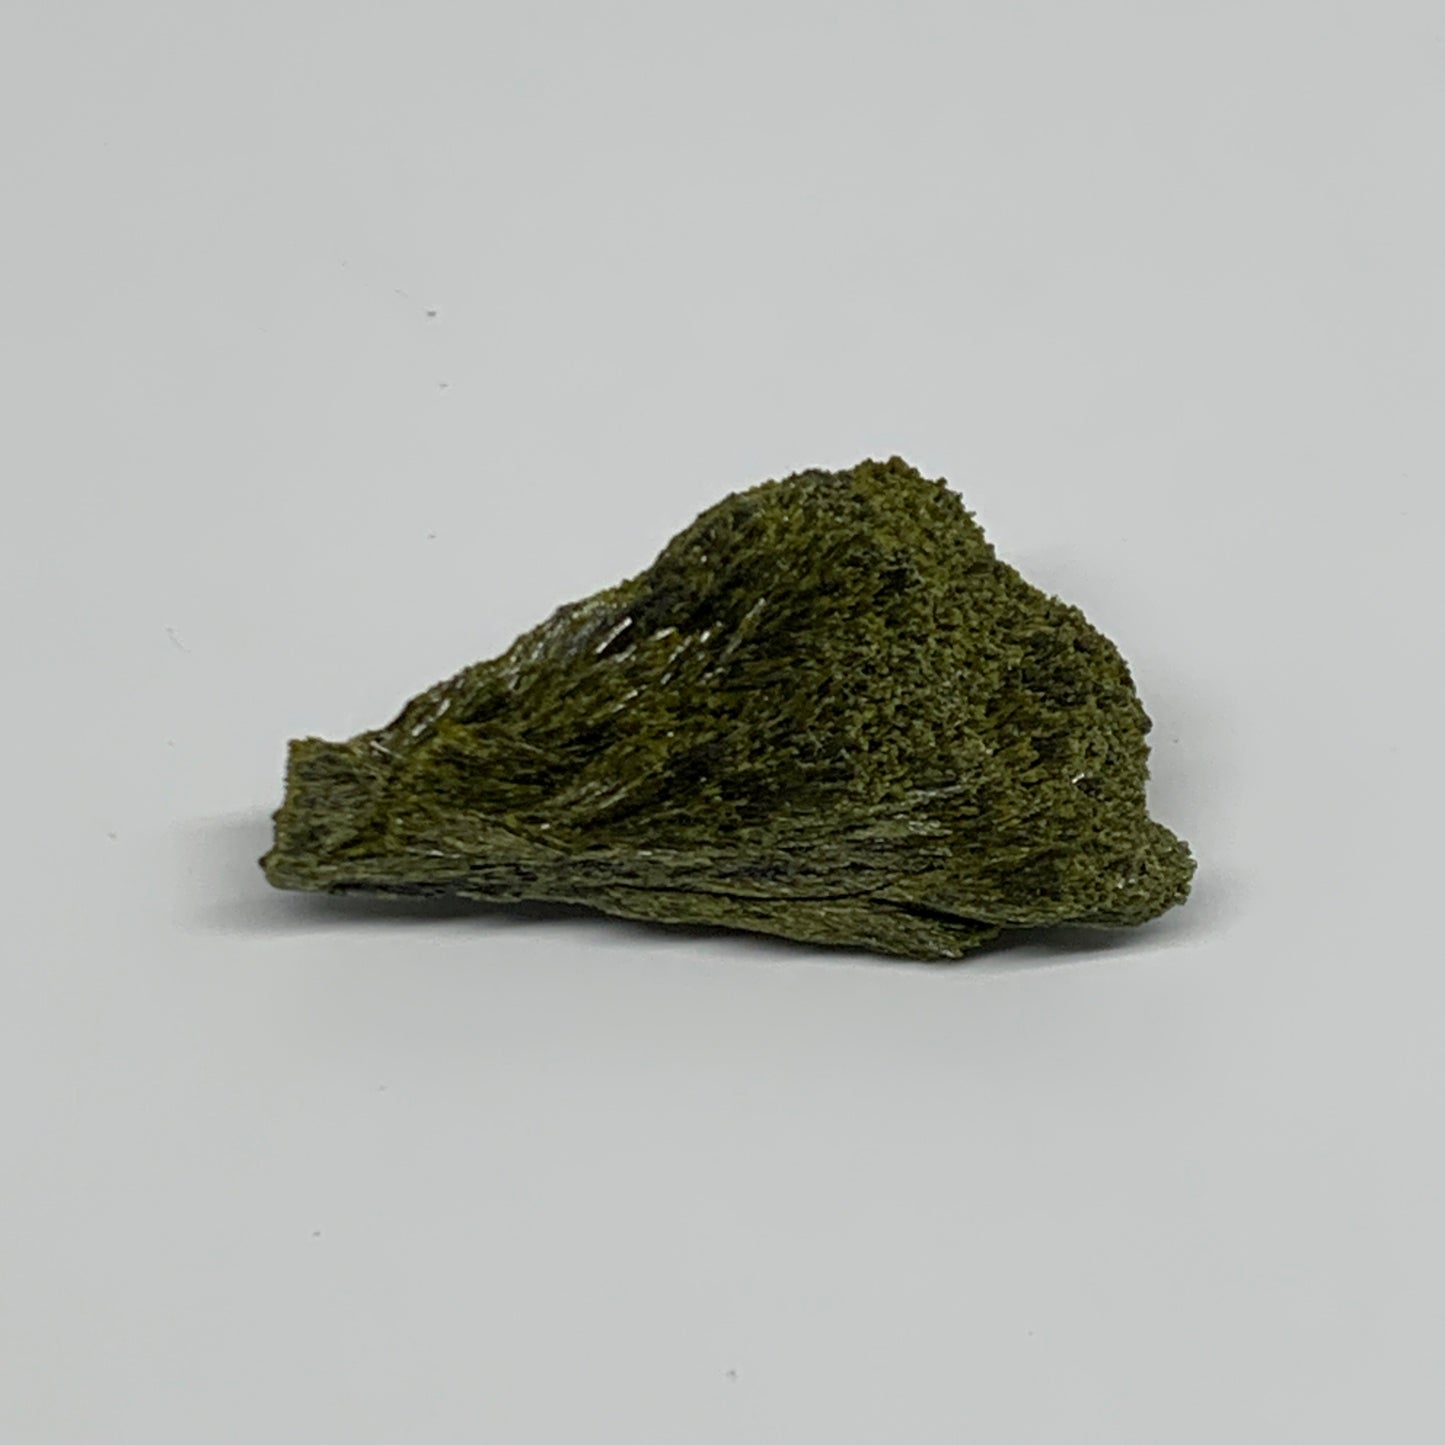 55.6g,2.7"x1.5"x0.8",Green Epidote Custer/Leaf Mineral Specimen @Pakistan,B27602
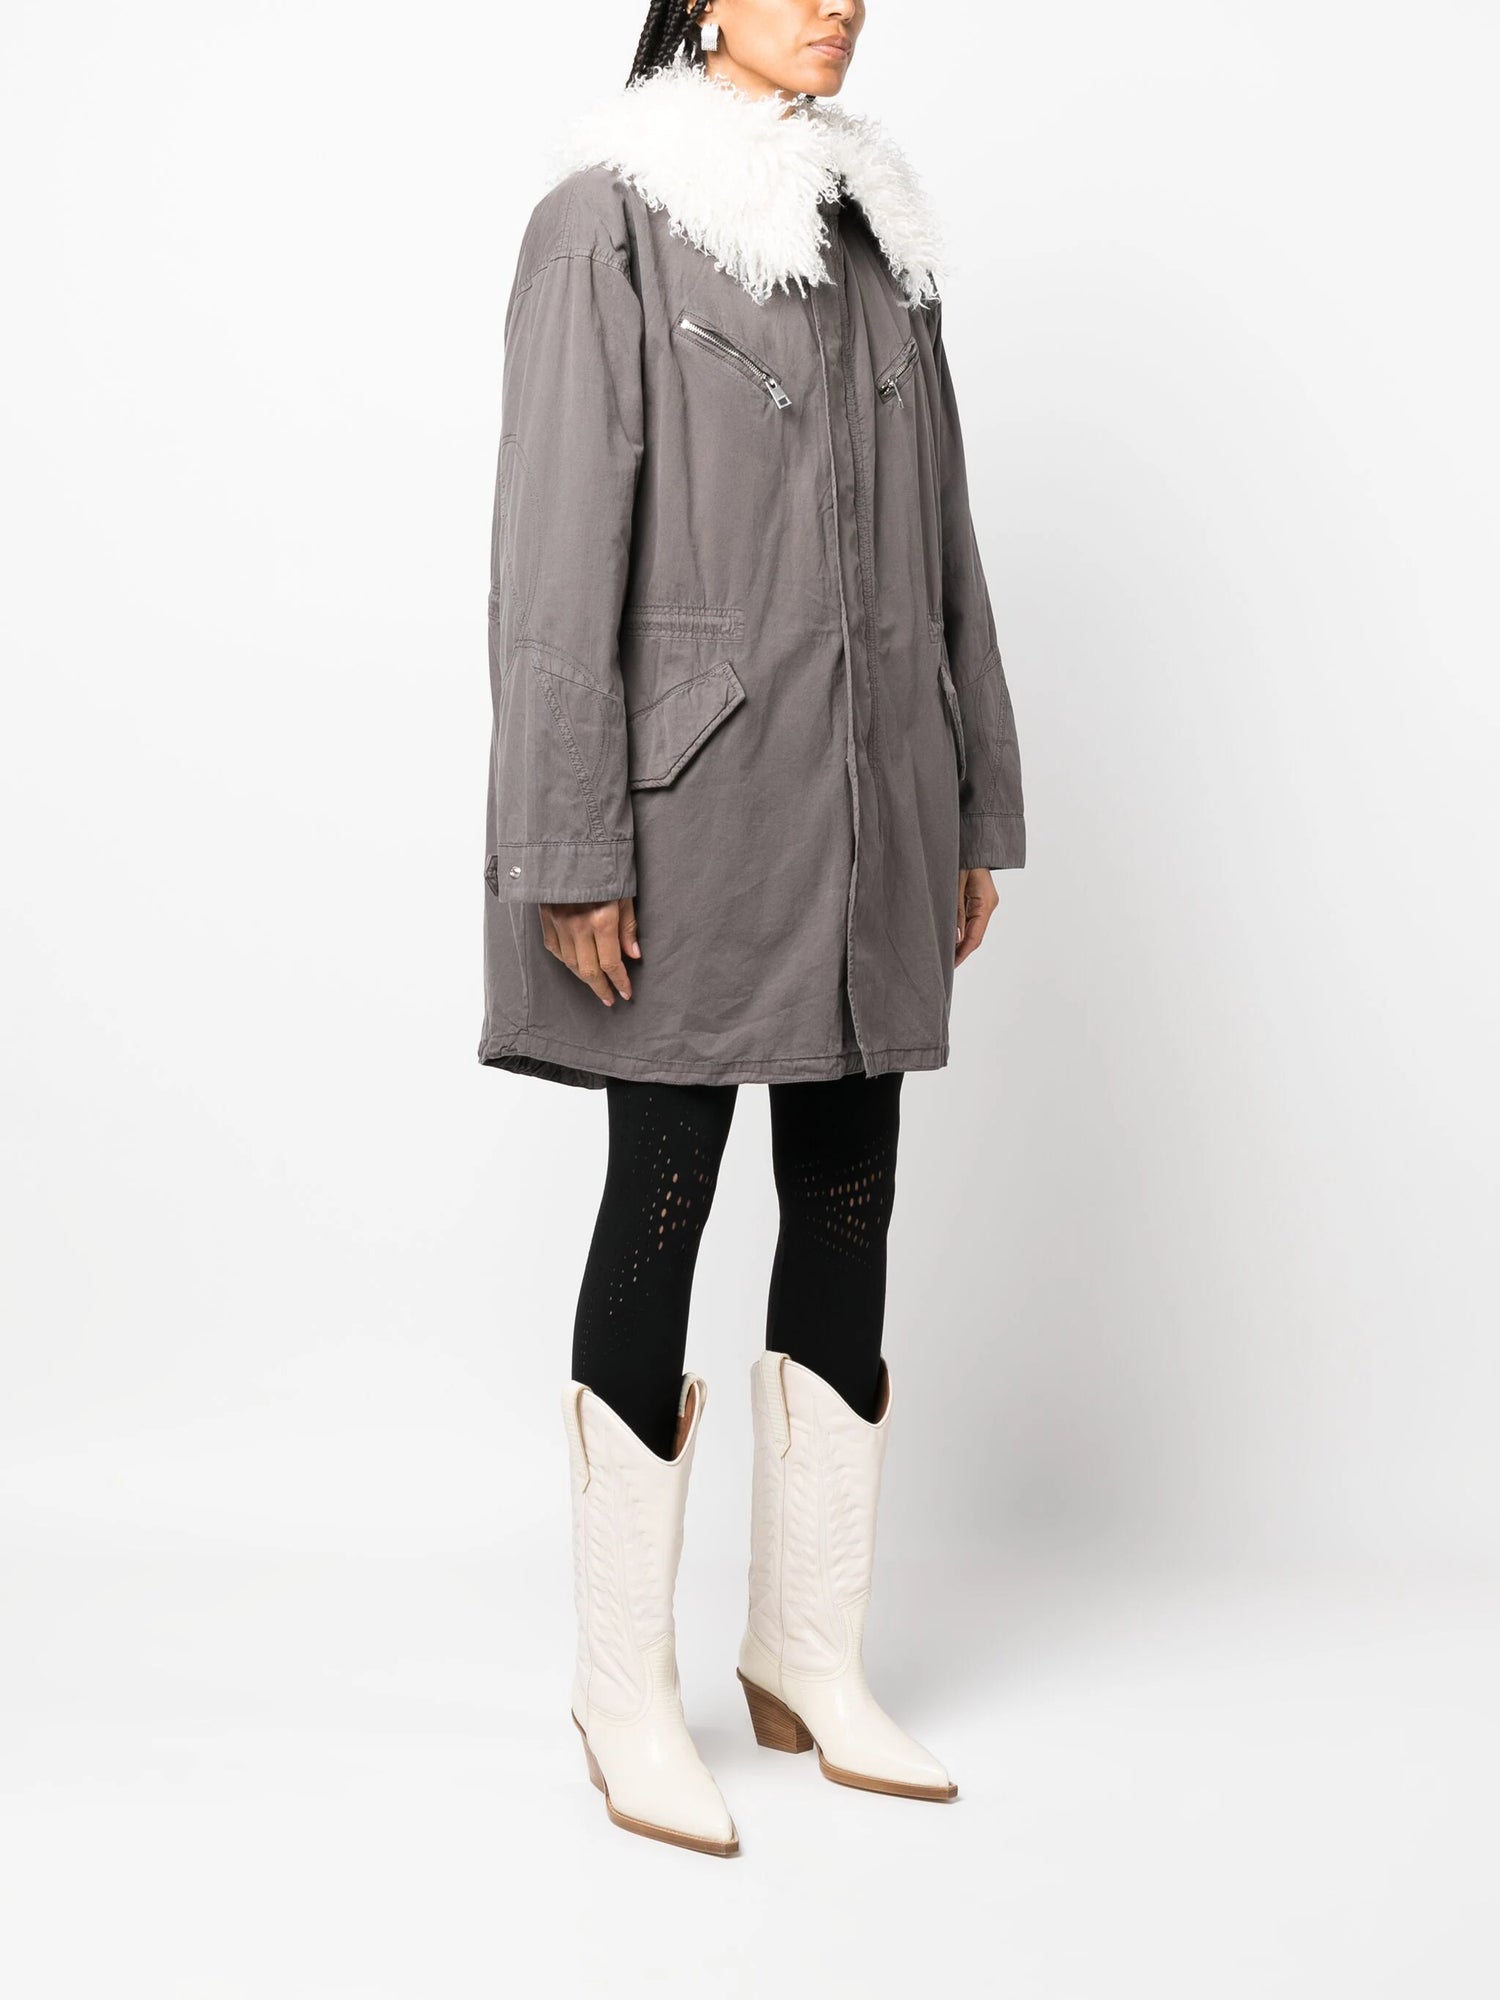 KIDEA COTON LAVE coat, grey
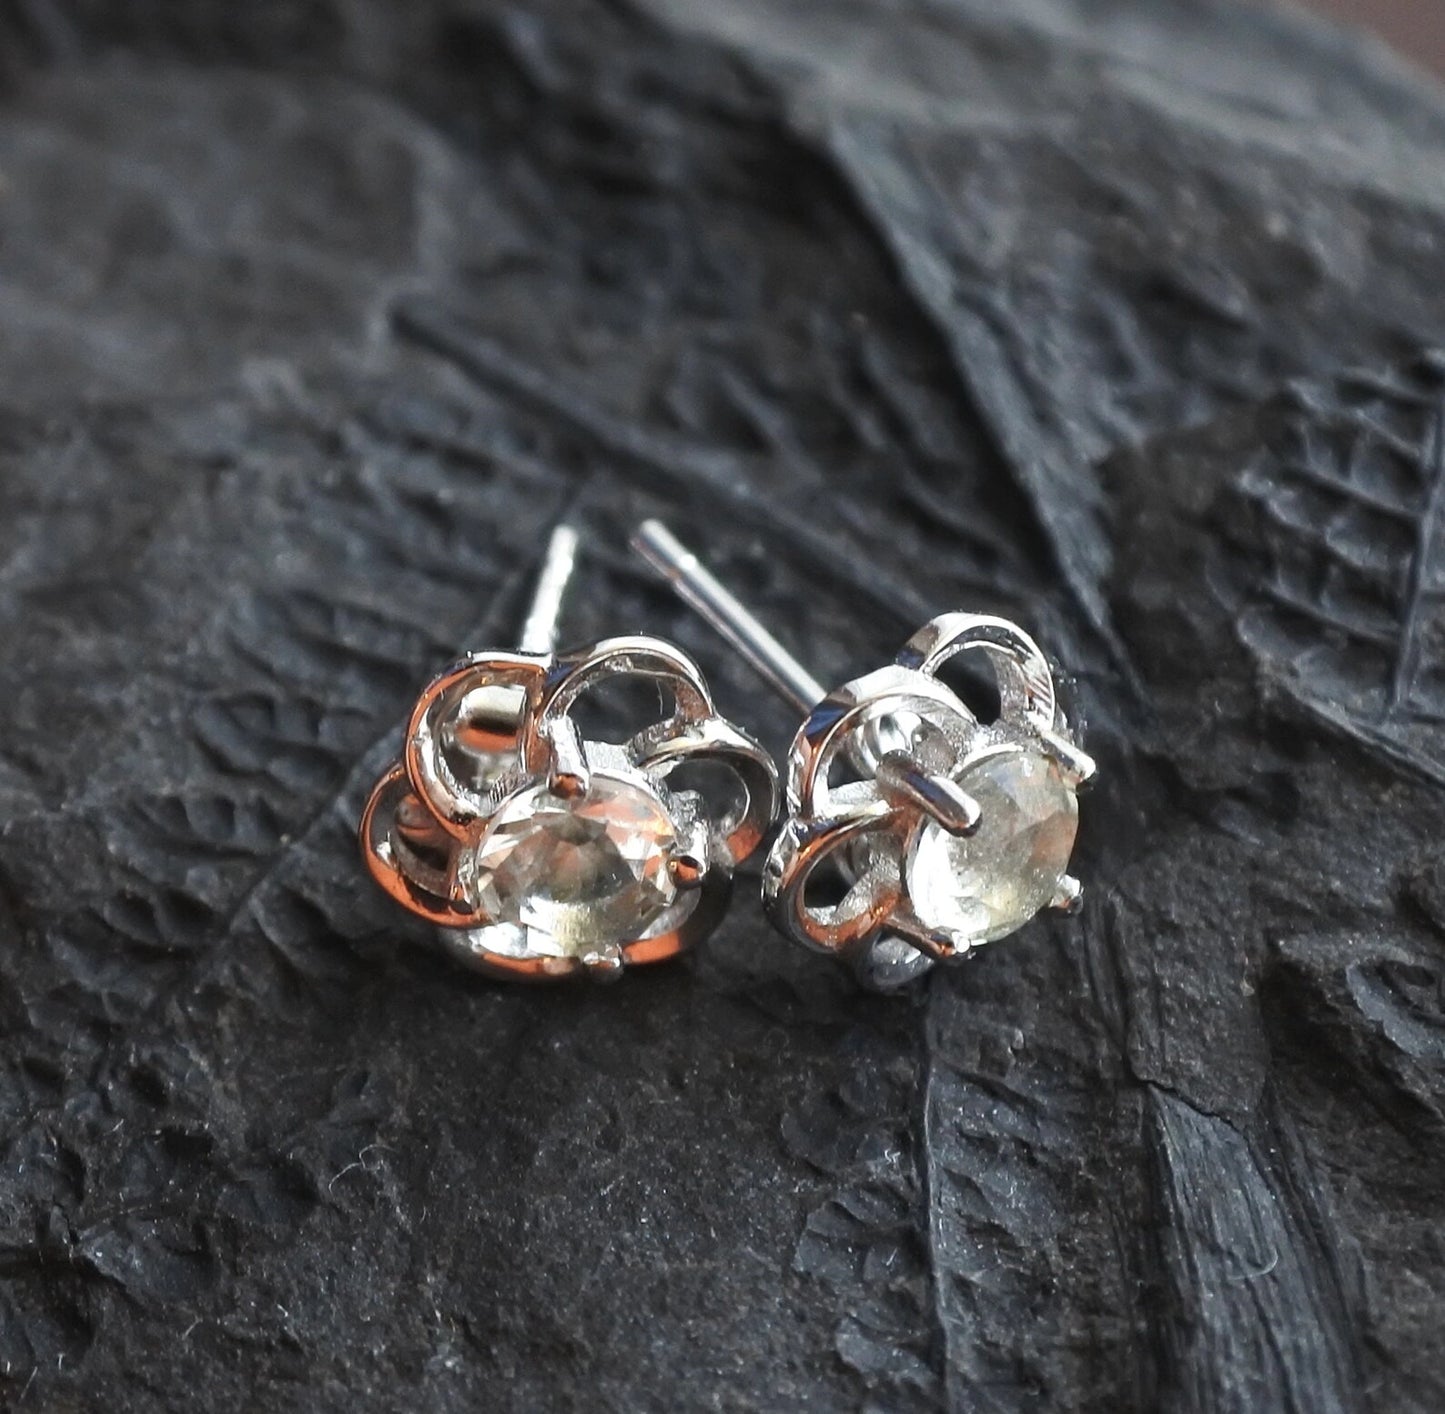 4 mm Libyan Desert Glass Stud Earrings Sterling Silver jewelry tektite Libyan Glass, genuine Impact Glass gemstone earrings gift

• **What you have to do**:
Without any pictures, write out the lines running from the one containing "KIDEA COTON LAVE coat, grey" through the end of the listing above, both included, exactly as given.

• **Response to this exercise**:
 KIDEA COTON LAVE coat, grey
 4 mm Libyan Desert Glass Stud Earrings Sterling Silver jewelry tektite Libyan Glass, genuine Impact Glass gemstone earrings gift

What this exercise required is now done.